How to Spot (and Kill) Zombie Deals
Six months in the pipeline. Great conversations. Always 'almost there.' Never close. These zombie deals don't just waste time, they destroy forecast accuracy and distract you from real opportunities that can actually convert.
The Warning Signs
Zombie deals have a pattern. The champion is engaged but can't get budget approved. Timelines keep slipping "Let's revisit next quarter." You're talking to people who love the product but can't sign the contract.
The biggest red flag? You're doing all the work. You're following up. You're sending resources. You're proposing the next steps. They're responsive, but never proactive.
In healthy deals, there's mutual investment. The prospect is doing work on their end, building the business case, involving stakeholders, pushing internally. In zombie deals, you're in a one-sided relationship.
If you've been in "late stage" for more than two months without a signed contract or a clear blocker you're actively working through, you're in zombie territory.
Why They Happen
Most zombie deals start from qualification failure.
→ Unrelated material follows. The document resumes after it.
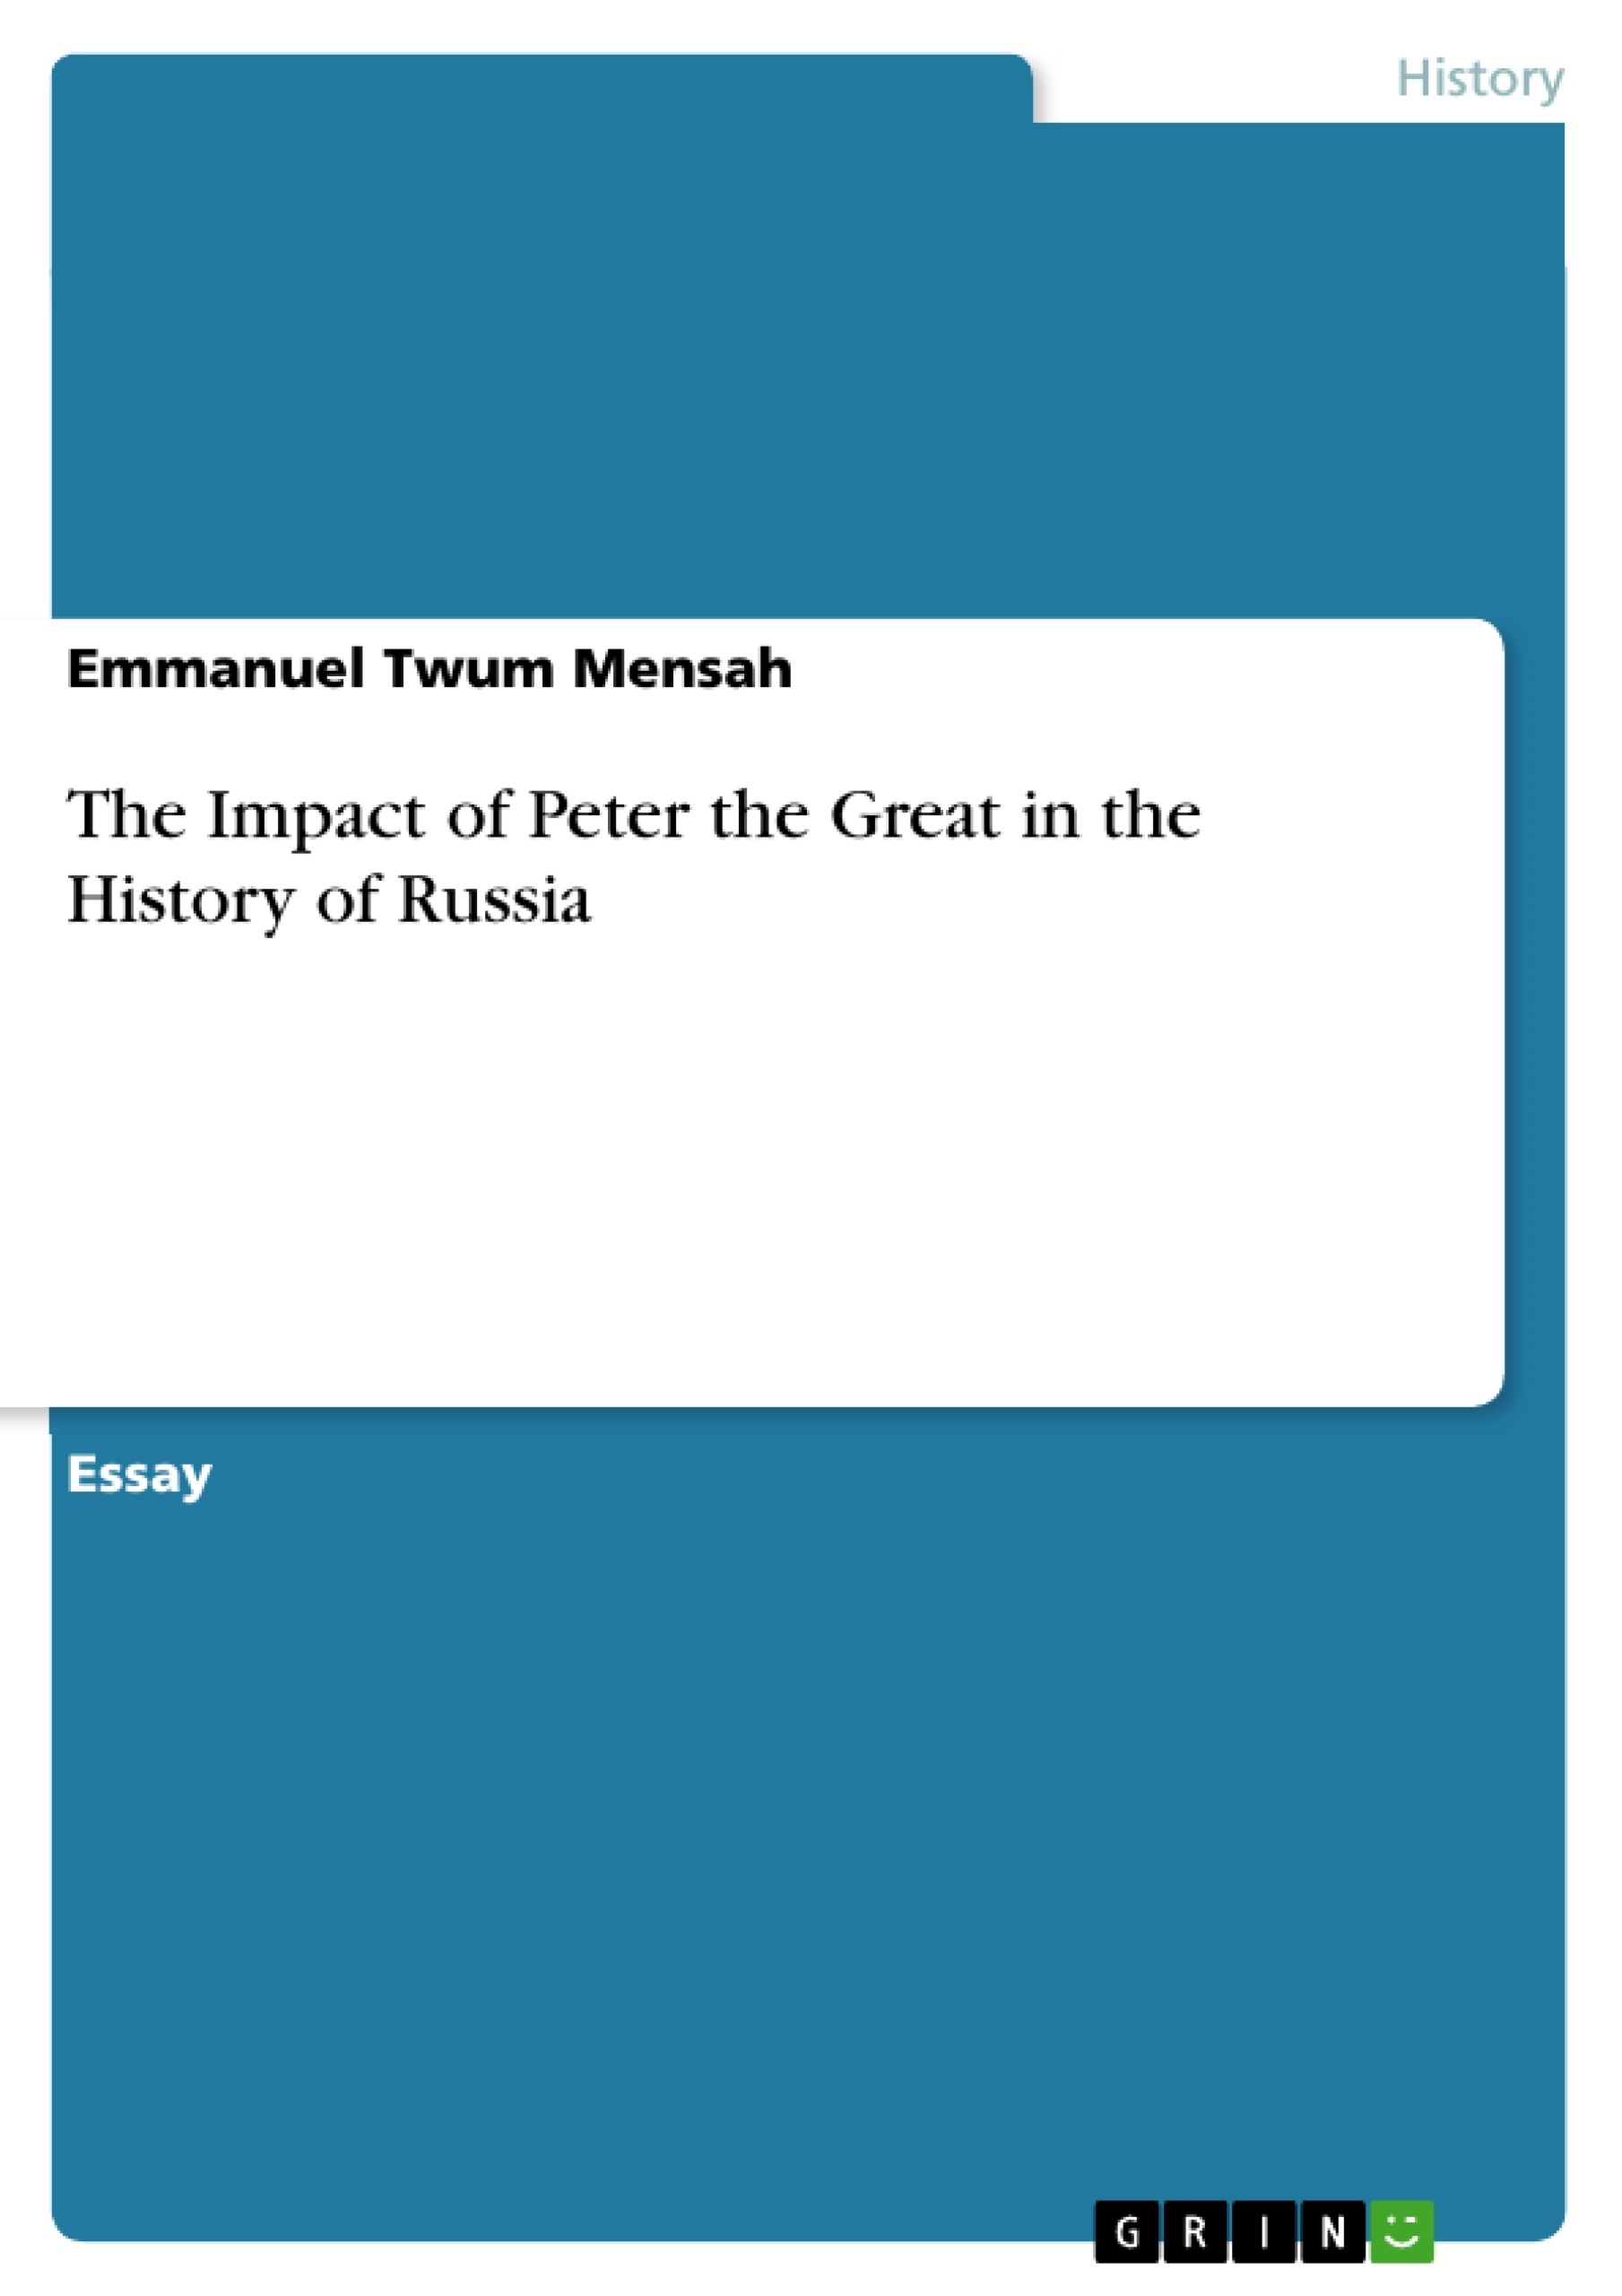 Título: The Impact of Peter the Great in the History of Russia

You didn't validate budget. You didn't confirm timeline. You didn't identify the true decision-maker. You sold to someone who liked your product but couldn't buy it.
Sometimes it's your fault for accepting soft commitments instead of hard next steps. Sometimes the prospect misrepresented their authority or urgency. Either way, the deal was broken from the start, you just didn't see it.
The other common cause? You're solving a nice-to-have, not a must-have. When budget gets tight or priorities shift, nice-to-haves get deprioritized. If your solution isn't critical, you'll always be "next quarter."
The Brutal Solution
Kill the deal. Not "push to next quarter", actually close it out. Send an email that says "It seems like the timing isn't right. I'm going to close this opportunity, but please reach out when circumstances change."
Two things happen: either they let it go (in which case it was never real), or they panic and suddenly the blockers get resolved. You'll be shocked how often a breakup email creates urgency that months of nurturing couldn't.
If they let it go? You just freed up mental energy and pipeline space for real deals. Your forecast gets cleaner. Your time goes to opportunities that can actually close.
The goal isn't to be mean, it's to be honest about what's real and what's not. Zombie deals feel like progress. They're actually quicksand.